I promised all help. Their Asia representatives were asked to contact me. I put them in touch with all the clinicians I knew who could have such patients. My hopes however came crashing down when I learnt that the company was currently enrolling only adult incident patients. That is adult patients who had just been diagnosed and had not proceeded to kidney failure.
I wrote to the company asking them to include paediatric patients as well as they would be able to enrol many more patients that way. The company responded that it would get back to me after discussing with the management. I haven’t heard back from them yet.
About a month back, I got a call from Abhijit Chatterjee again. They had sent Ananya’s blood samples for genetic testing. The reports showed a Complement Factor I Mutation. She would need Eculizumab for a transplant, I thought to myself. The doctors were recommending a kidney transplant. I asked him what the plan was in case of recurrence.
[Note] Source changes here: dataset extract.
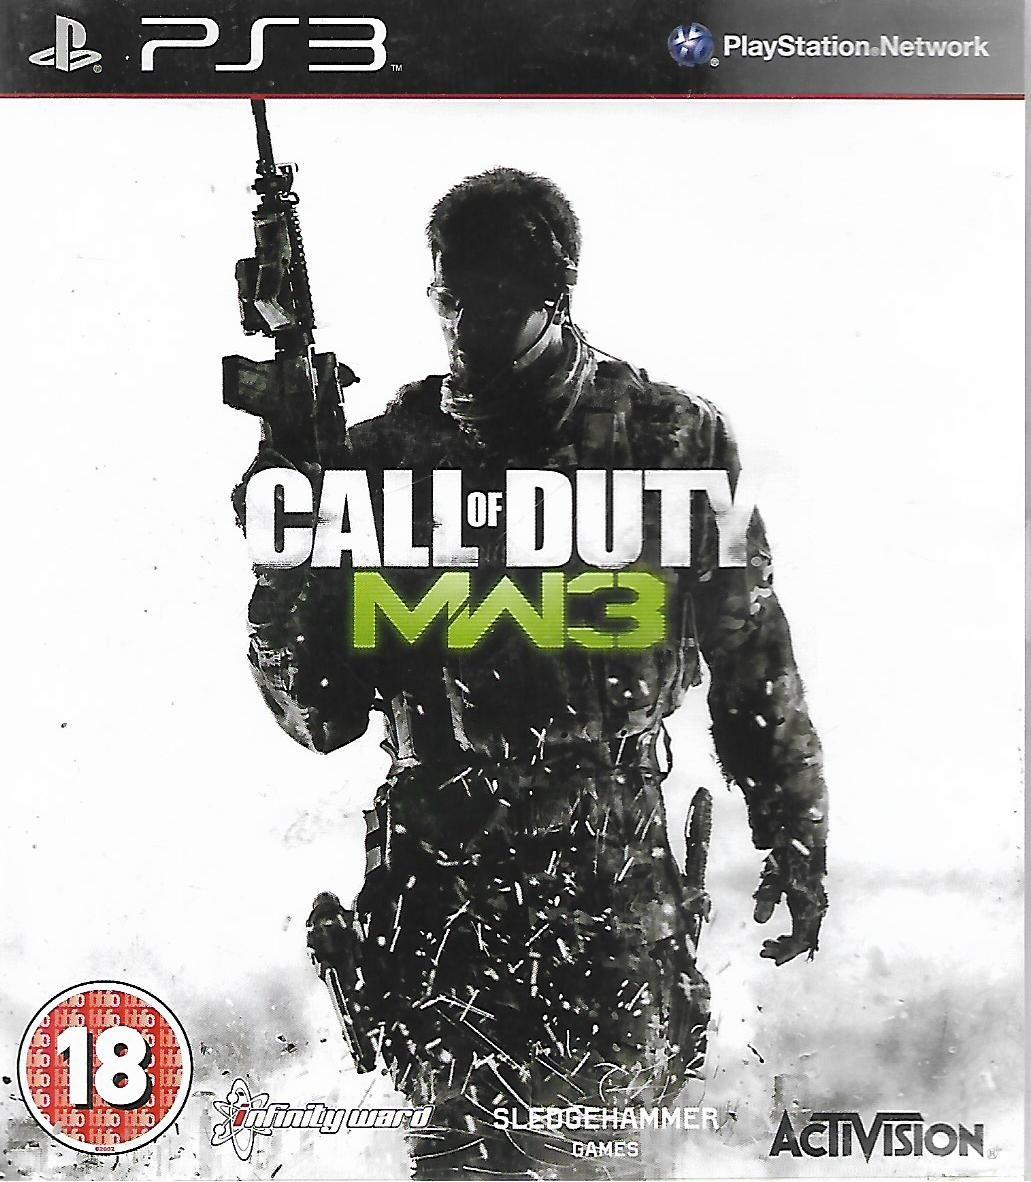 CALL OF DUTY - MODERN WARFARE 3 (PS3 - bazar)

He said he did not know. I asked him to discuss with the doctor that since they did not have eculizumab, what was the point in undergoing a kidney transplant especially if she had a Factor I mutation?
He said he would discuss with the doctor and get back to me.
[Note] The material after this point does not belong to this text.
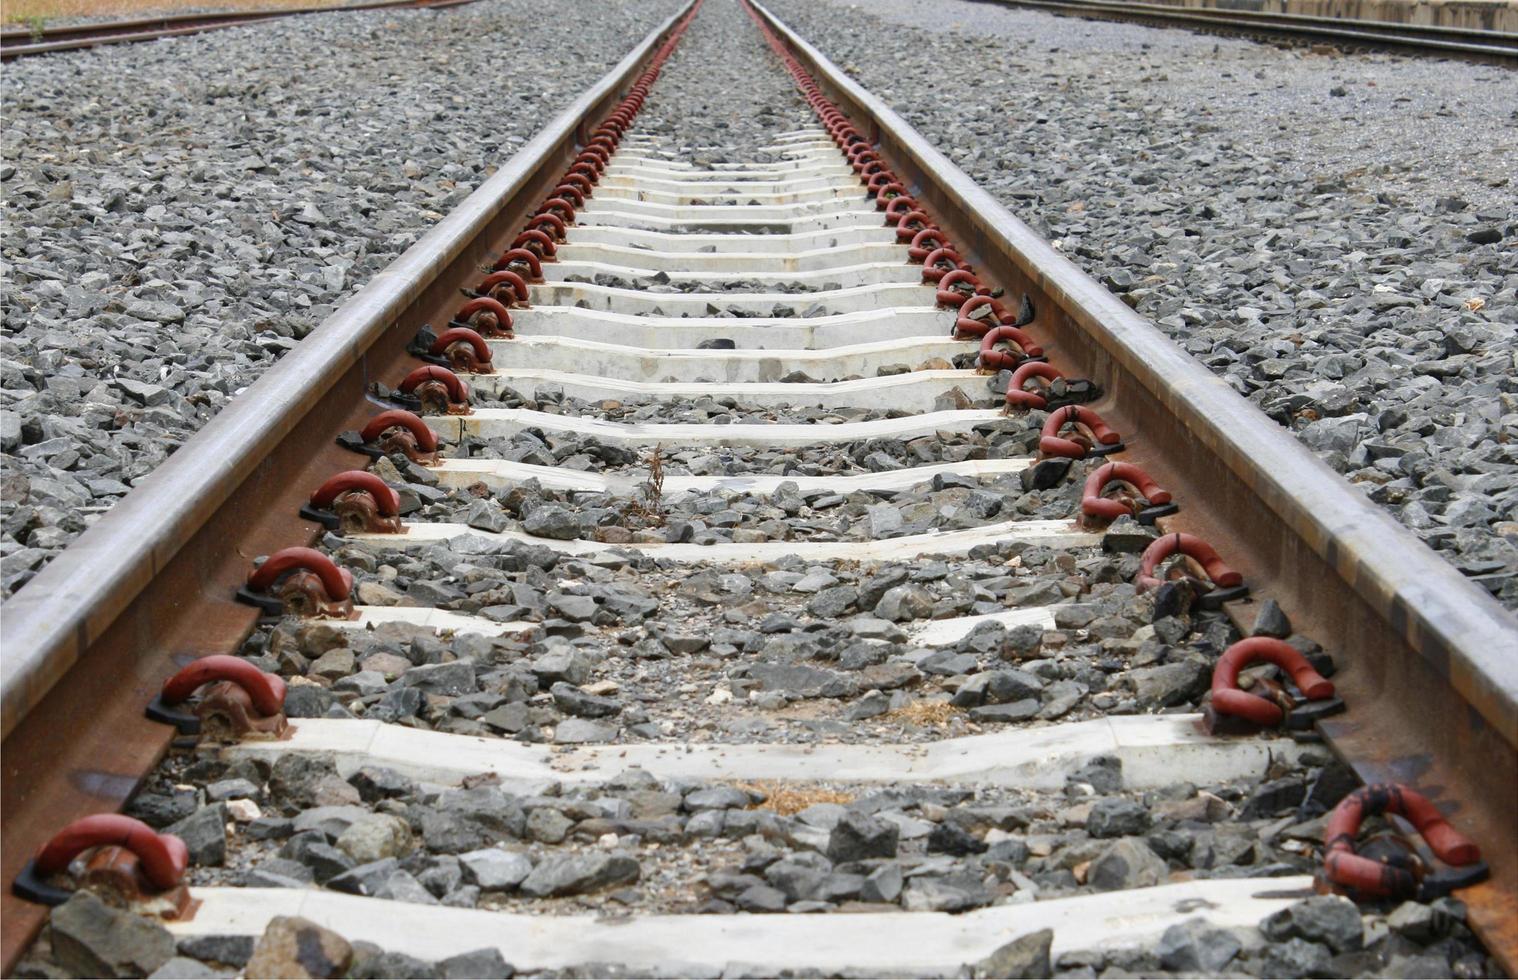 ferrocarril largo para tren foto

A couple of days back, Chatterjee called again. I thought he must be calling to update me about the transplant plan. However, I could immediately sense from his voice that this was something else. He sounded completely distraught. Little Ananya was admitted in the ICU at a very reputed hospital in South India. She had worsening blood counts. Her Platelet Count was dangerously low. She was put on a ventilator. They were monitoring very closely. I did not say much.
That evening I could not stop thinking about the little girl.
The next afternoon, I got a call from Chatterjee. I was honestly scared to take the call. I feared the worst. I answered the phone after an excruciatingly long wait. Chatterjee broke down. “It’s all over. Last night, Ananya had a cardiac arrest, multiple organ failure and then she died.” I hung up. My heart sank. My throat choked. My mind went blank. Little Ananya was no more.
I muttered a curse to the skies. I asked myself what was wrong with this world? Of what good was all the progress mankind has made when the life of a little girl could not be saved merely due to an accident of geography? Why do people in some countries have access to the drug while others do not?
Alexion Pharmaceuticals, the company that manufactures the drug has priced it so high that very few people in the world can afford it. Forbes magazine has declared their drug to be the most expensive drug in the world today. They have probably spent millions of dollars on the research for the drug. They have probably spent a lot of time, money and effort in navigating the various patent laws and making their drug available to people. Given that the number of patients in the world is so small, are they not justified in pricing their drug high enough to be able to make profits?
I honestly don’t know the answer to that question. All I know is that what happened to Ananya is just wrong. I don’t know what can be done to change the situation for aHUS patients in India and many other countries in the world where the drug is not available. Something needs to change. How many more such lives are going to be lost fighting this disease? How many more Ananyas are going to die before this situation is remedied? Someone needs to find a way out.
(* Names have been changed to protect identity.)
(* Names have been changed to protect identity.)